The Needs of Older Pets

Senior woman with her dog inside of her house.

Senior Pet Care

Thanks to advances in veterinary care our pets are living longer lives. With old age comes the need for owners to learn about the special needs of aging cats and dogs. Our pets age at different intervals than humans. A small to medium seven-year-old dog or cat is 44 – 47 years old in human years. A seven-year-old large dog is 50 – 56 years old by human standards.

Senior pets are susceptible to many of the diseases we see in elderly humans like cancer, heart disease, diabetes, arthritis, and liver, kidney and bone disease. In order to combat these health concerns the frequency of your veterinary visits should increase with age. Your vet can advise on specifics given the dog or cat’s medical history.

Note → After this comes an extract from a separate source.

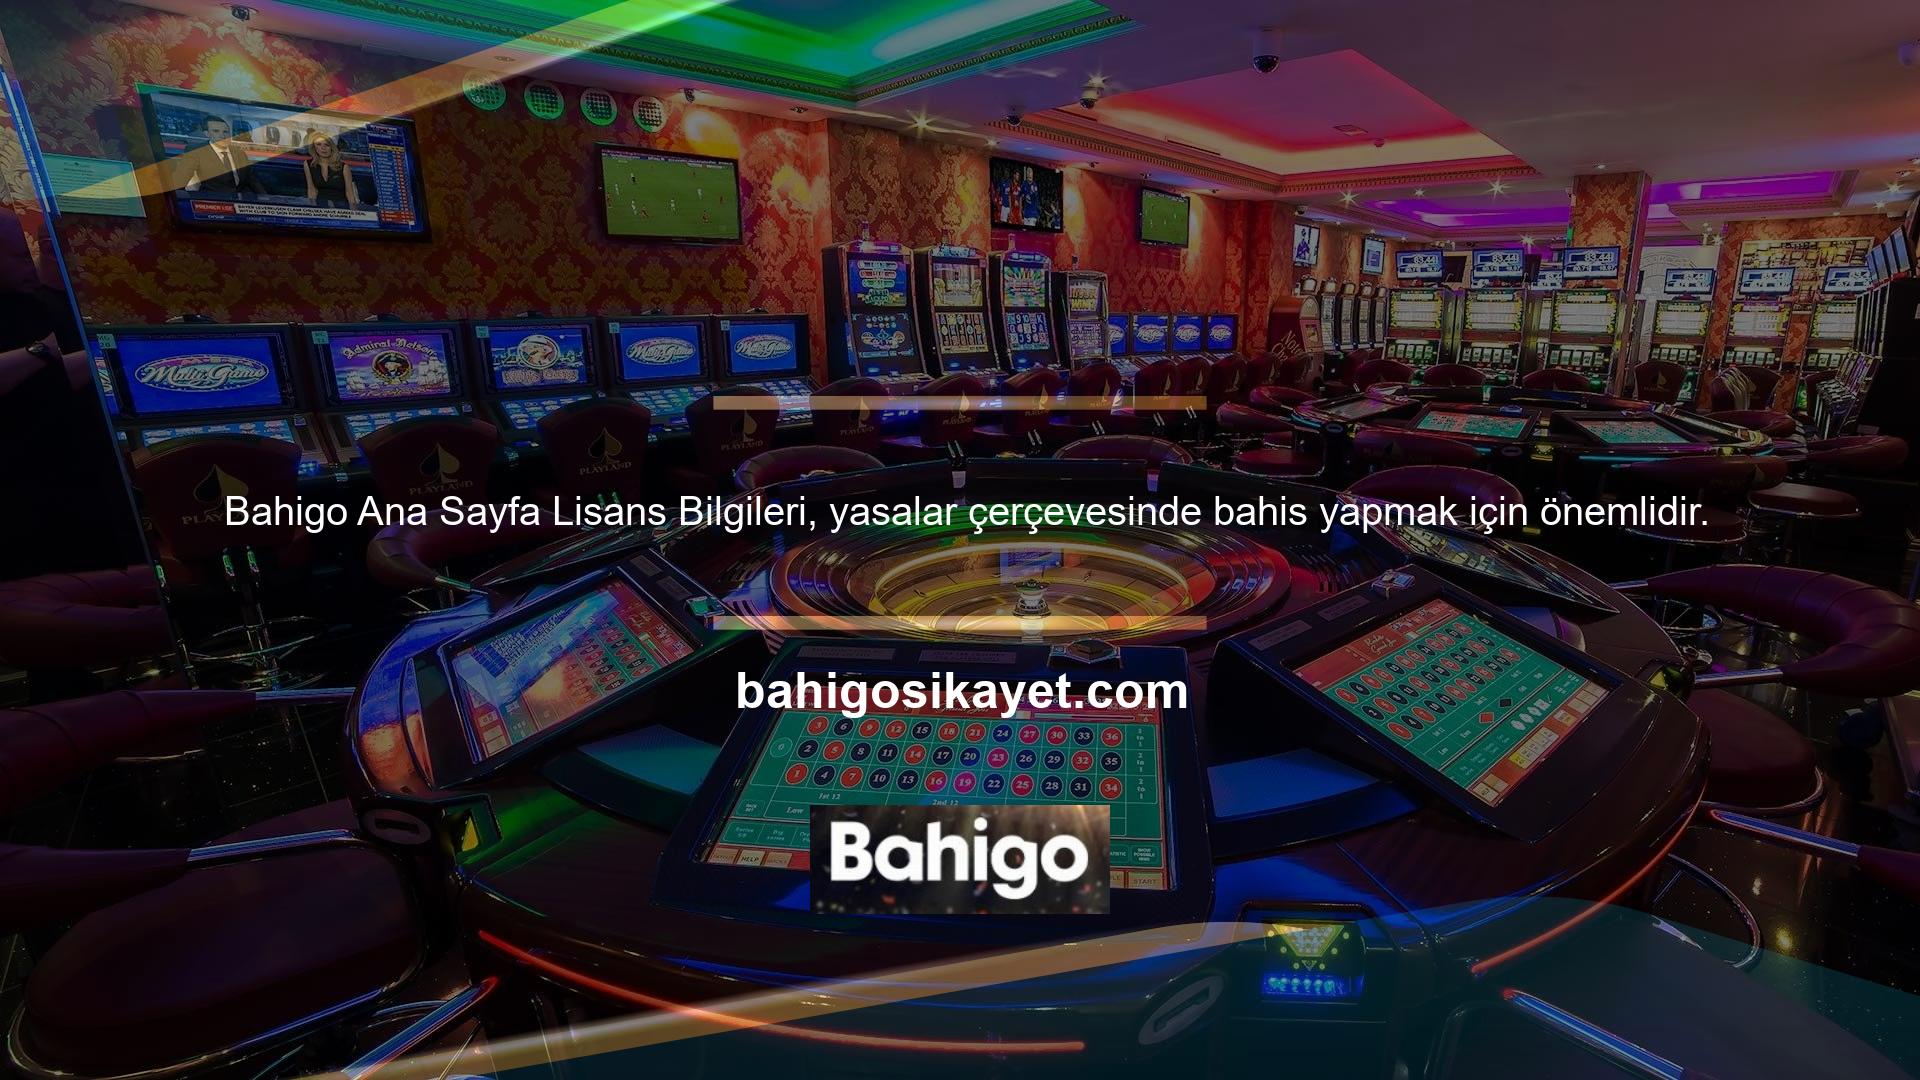 Bahigo lisans bilgileri sitenin alt kısmında bulunan ilgili bölümde kullanıcılara detaylı olarak sunulmaktadır

As your dog or cat ages you want to ensure their quality of life doesn’t change. In order to maintain their health and comfort, focus on the following:

  • A Nutritious Diet

From puppy and kittens to adult furry friends, the kind of food you feed your pets is crucial to their well-being, especially as they age. The food we eat gives us energy and keeps us balanced with the right amount of vitamins. The food you feed your pet does the same. Learn to read the labels to ensure you are helping your dog or cat grow stronger.

  • Staying Active

A busy pet is a happy pet. The same goes for the mind. Our furry friends need to keep their minds as active as their bodies. Ensure they are getting enough exercise on a daily basis. For your senior dog that could mean a 15 – 20 minute walk each day, or a bi-weekly trip to the dog park. For your senior cat a new toy will stimulate their mind and keep them from getting bored.

  • Physical Contact

Petting our pets and spending time with them is how they interpret our love. As your pet ages physical contact becomes increasingly important. If your pet has joint pain, a daily rub down can help. If your dog or cat needs regular grooming you can comb their hair.

  • Oral Hygiene for Dogs

It is easy to laugh at the idea of brushing the teeth of a dog, but canine oral hygiene becomes more important as they age. A clean mouth helps fight off gum infections and general bad breath. If your dog won’t sit still for a good brushing you can ask the veterinarian to do it or give them doggie treats that fight plaque.

Special Accommodations

Aging pets may require more of our attention and if they have special needs you should make every effort to meet them. For example, if your dog or cat is losing his or her eyesight you can move obstacles out of the way. If your pet suffers from arthritis take the time to research ways to keep them engaged and active without the extra stress on their bodies.

Extensions of the Family

Our pets are more than animals; they are extensions of our family. As they near the end of their lives spend every minute you can with them – you’ll be glad you did.